BookmarkSubscribeRSS Feed
nswaroop
Calcite | Level 5

 

Is a reverse of PROC CONTENTS possible to create an EMPTY DATASET.

 

I have created a proc contents dataset as follows:

 

proc contents data=EMP out=EMP_OUT noprint;
run;

 

Now I updated the LENGTH of few columns in EMP_OUT using proc sql.

 

Then I like to create the EMPTY DATASET having this updated LENGTHs and the rest of the attributes remain the same.

After that I like to merge the EMPTY DATASET back to the original EMP.

 

Basically, I am trying to update lengths of each of the variables accoring to its maximum value length in that variable.

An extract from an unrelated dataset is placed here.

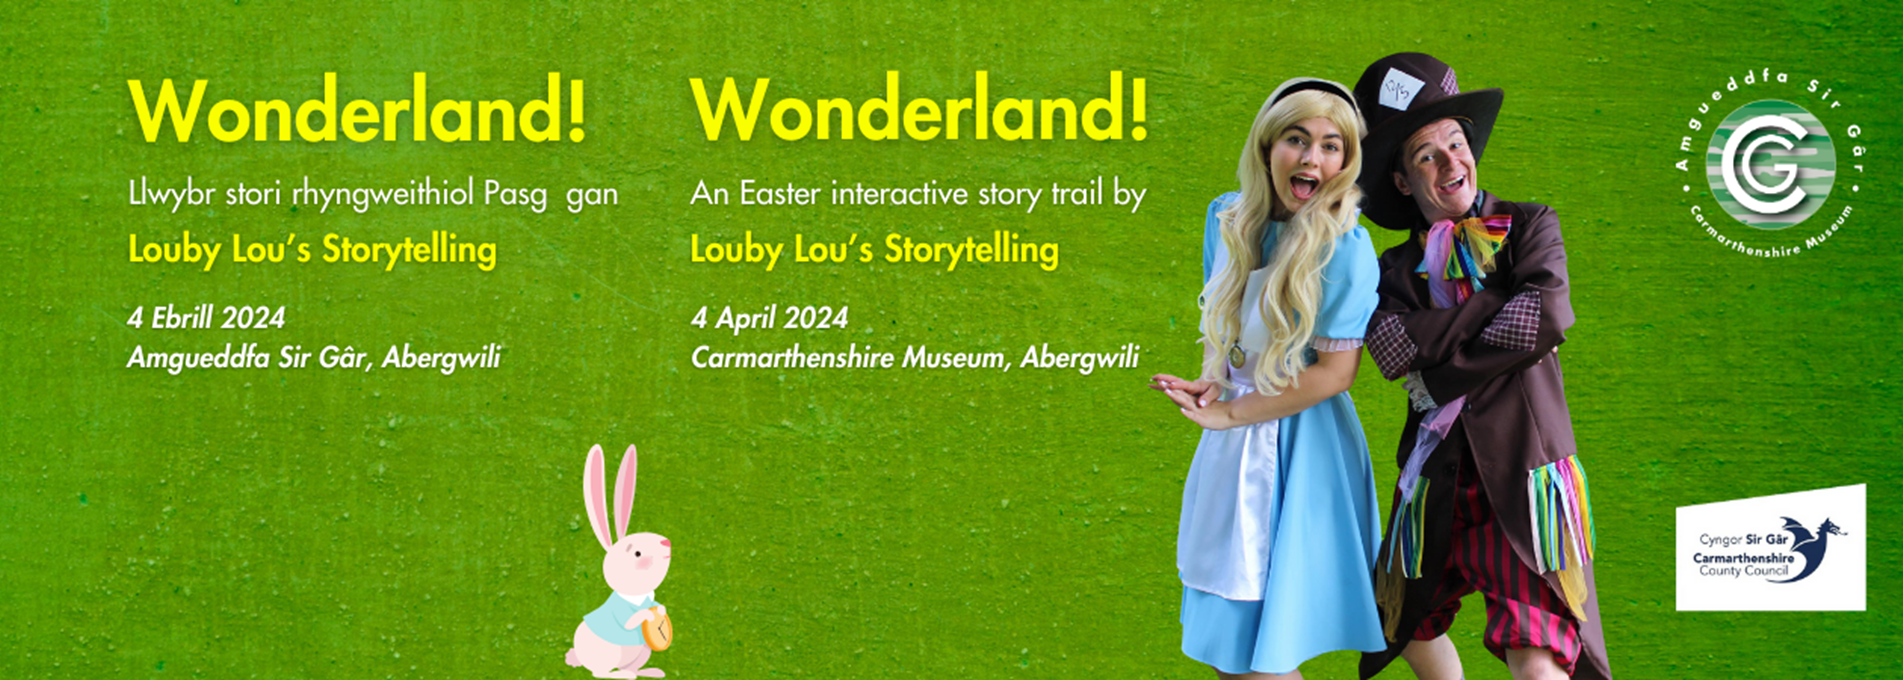 Wonderland! An Easter Interactive Trail by Louby Lou's Storytelling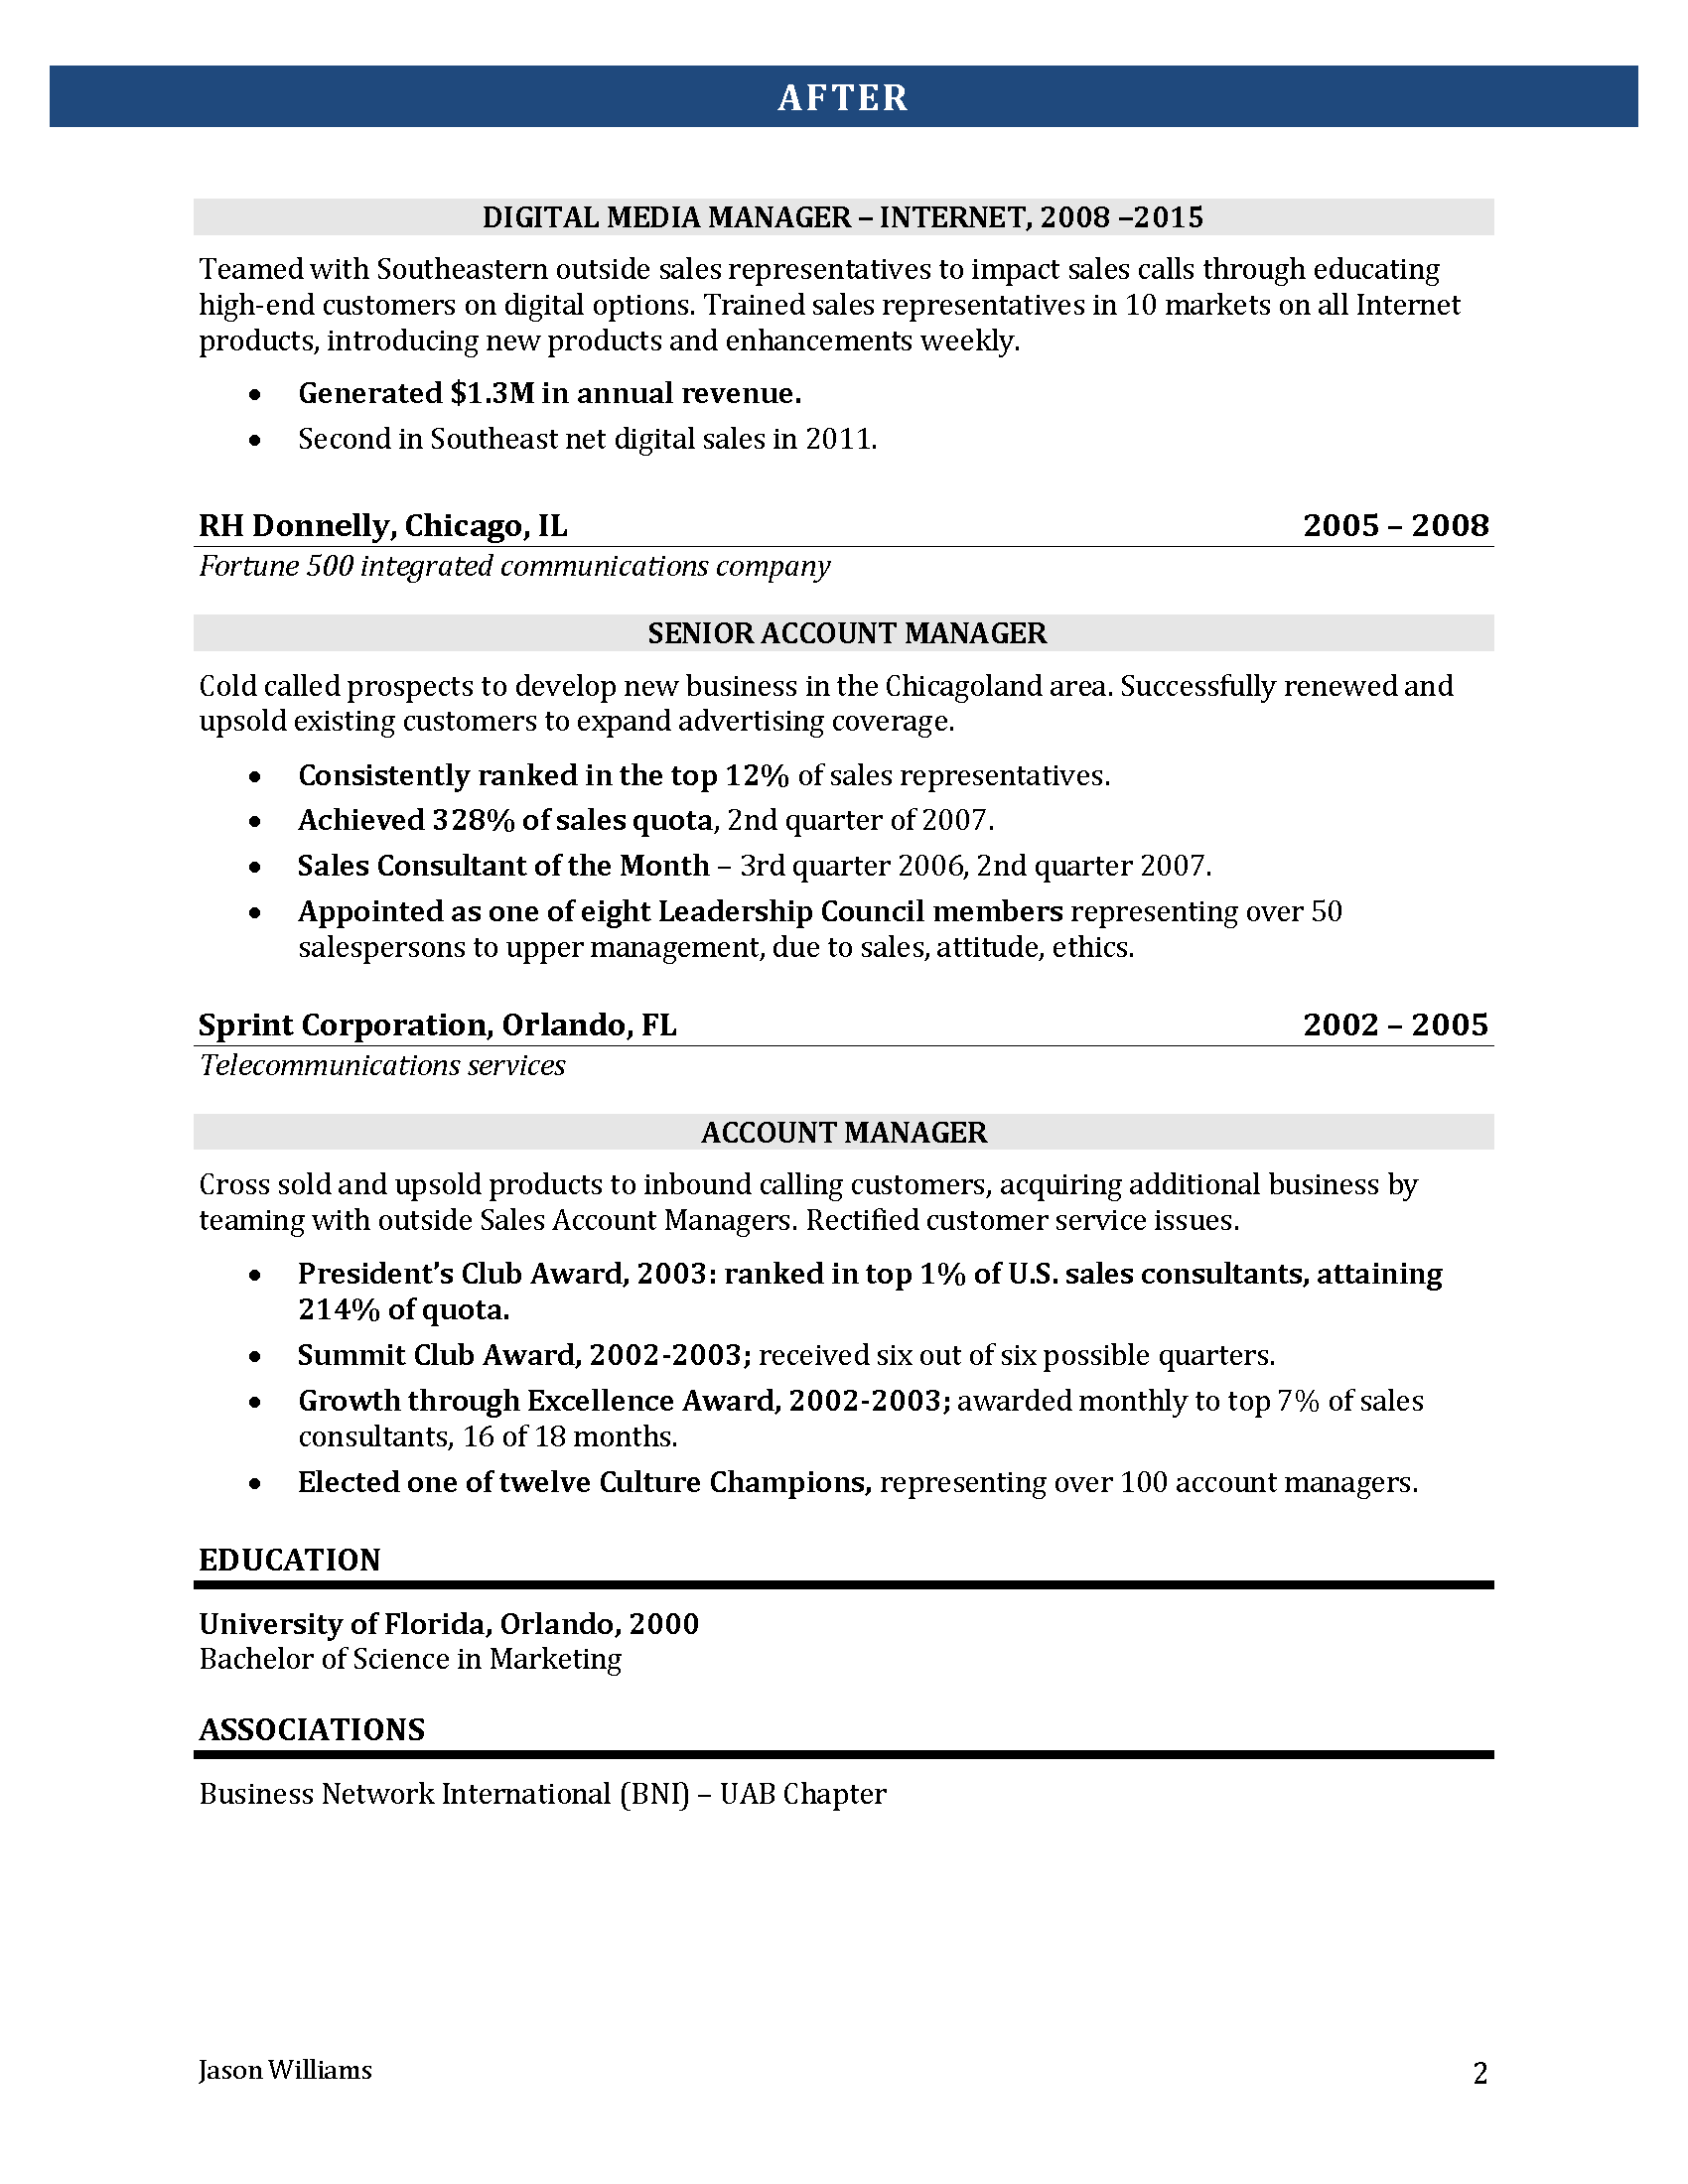 Jason Williams AFTER Resume Page 2

To reduce the size of the dataset.

11 REPLIES 11
Reeza
Super User

Have you used or tried the DESCRIBE statement in PROC SQL. 

nswaroop
Calcite | Level 5

The DESCRIBE is printing a CREATE TABLE statement with all the columns in the proc contents file. What I need is a CREATE TABLE of the table EMP with new lengths.

RW9
Diamond | Level 26 RW9
Diamond | Level 26

In your SQL which fixes the length, put a condition which can't be true:

where 1=0;

Then you will have a dataset with 0 observations.

 

However it sounds a bit of a pointless task, your not going to save anything in your dataset by reducing the length (unless you talking about 10s of millions of rows - in which case you should be looknig at proper tech for that).  Its probably also a bit risky, if your column width is dynamic, then all code after that and based on that data has to be dynamic.  Me I prefer nice fixed structures, simpler coding, straight forward documentation, no faffing about.

 

 

 

 

nswaroop
Calcite | Level 5
Not sure I understood the solution. But, I am tending to think the requirement is different.
You are correct that better coding practices but I am beginner to SAS and so...
Kurt_Bremser
Super User

If you are concerned with overlong character variable lengths and the resulting use of disk space, just use the compress=yes option to minimize the space used by empty character variables.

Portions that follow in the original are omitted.